Problem statement
Print the entire listing below word for word, excluding its pictures.

Data section
.....
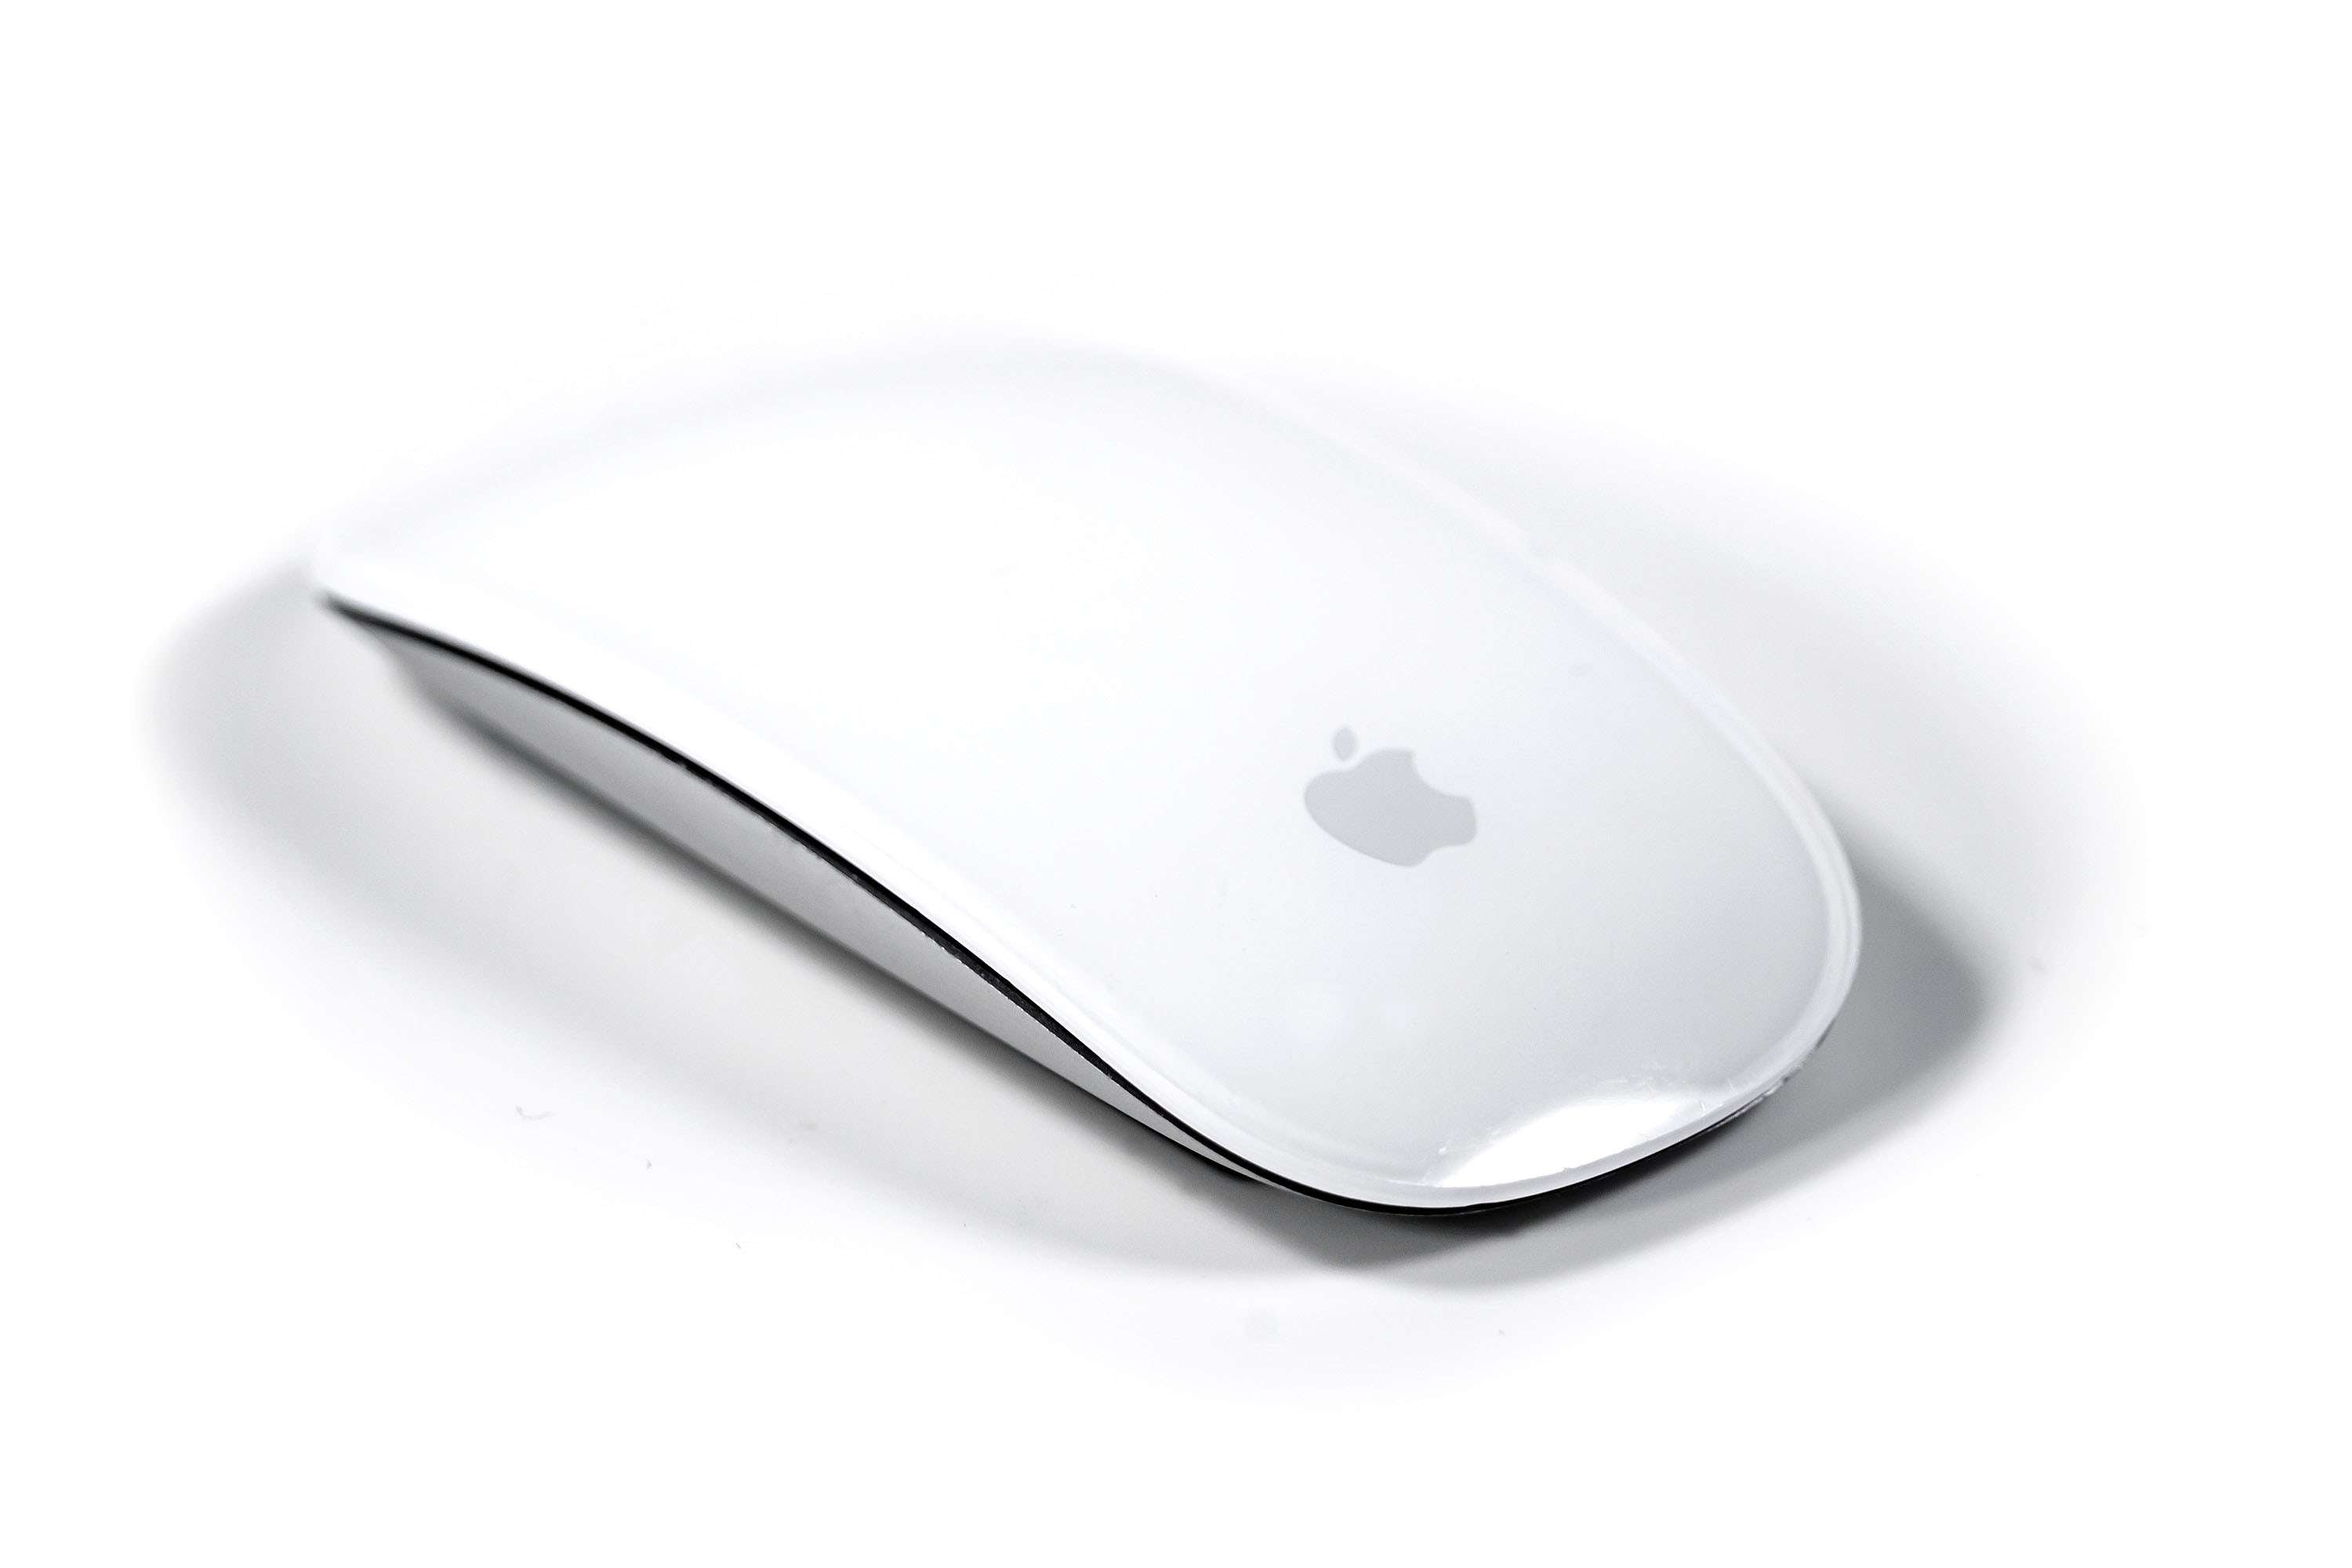 Buy Used & Refurbished Apple Magic Mouse Bluetooth Wireless A1296
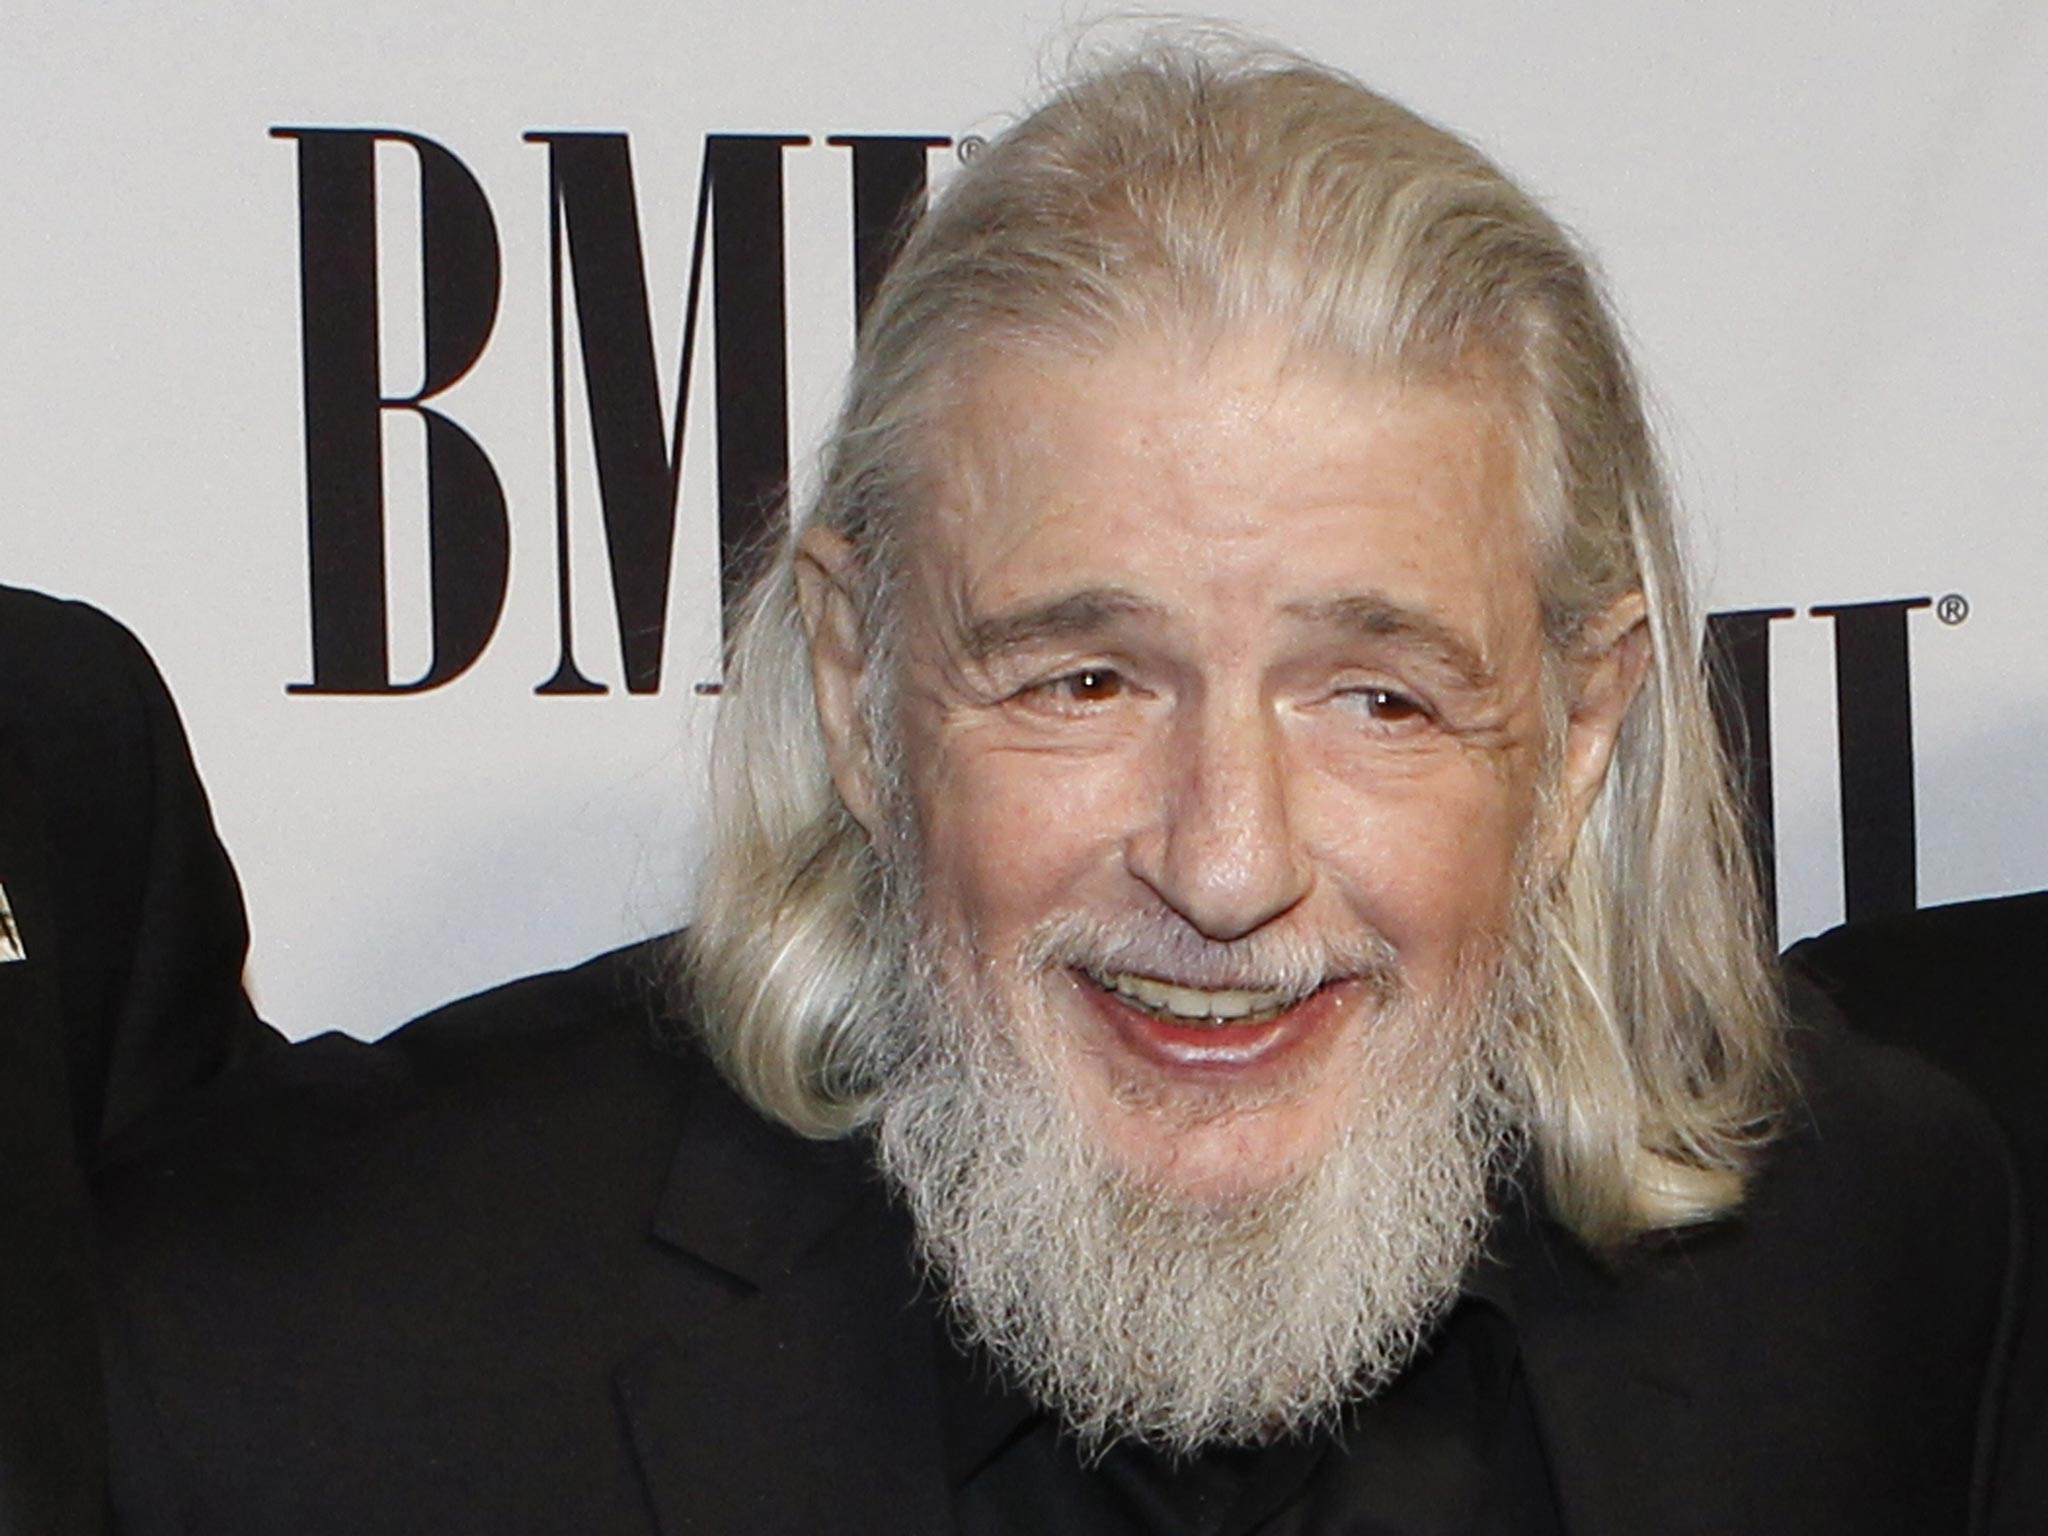 Lyricist Gerry Goffin, who co-wrote some of the biggest hit songs of the 1960s has died
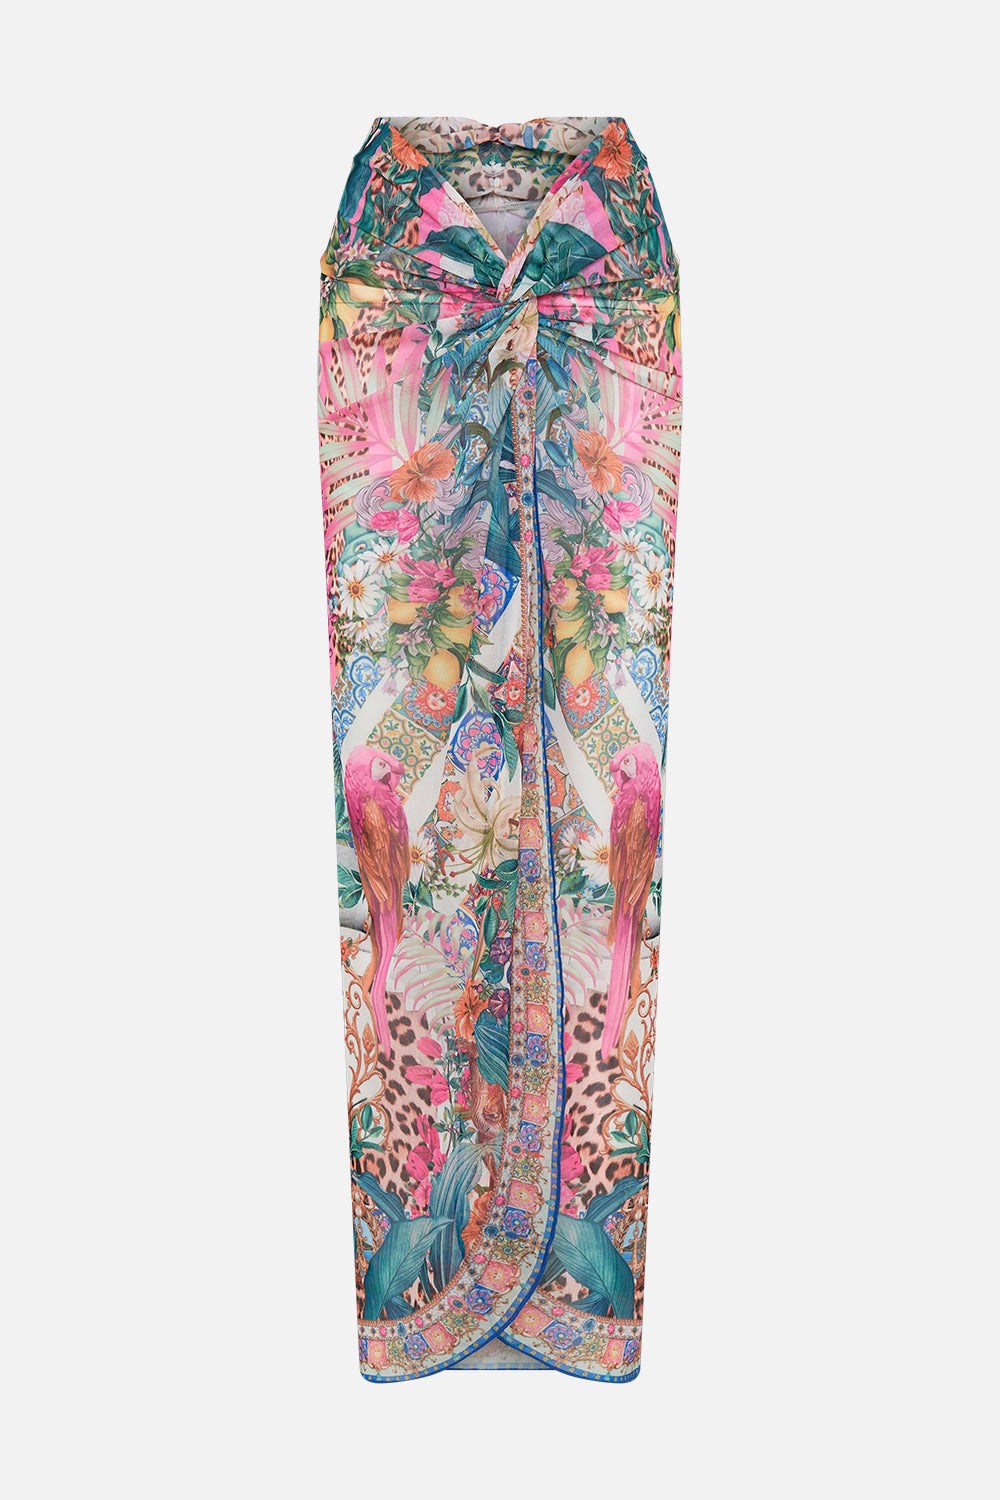 CAMILLA TWIST FRONT LONG SKIRT - FLOWERS OF NEPTUNE - ESCAPE CLOTHING
.....
Output for this exercise
 Buy Used & Refurbished Apple Magic Mouse Bluetooth Wireless A1296
 Lyricist Gerry Goffin, who co-wrote some of the biggest hit songs of the 1960s has died
 CAMILLA TWIST FRONT LONG SKIRT - FLOWERS OF NEPTUNE - ESCAPE CLOTHING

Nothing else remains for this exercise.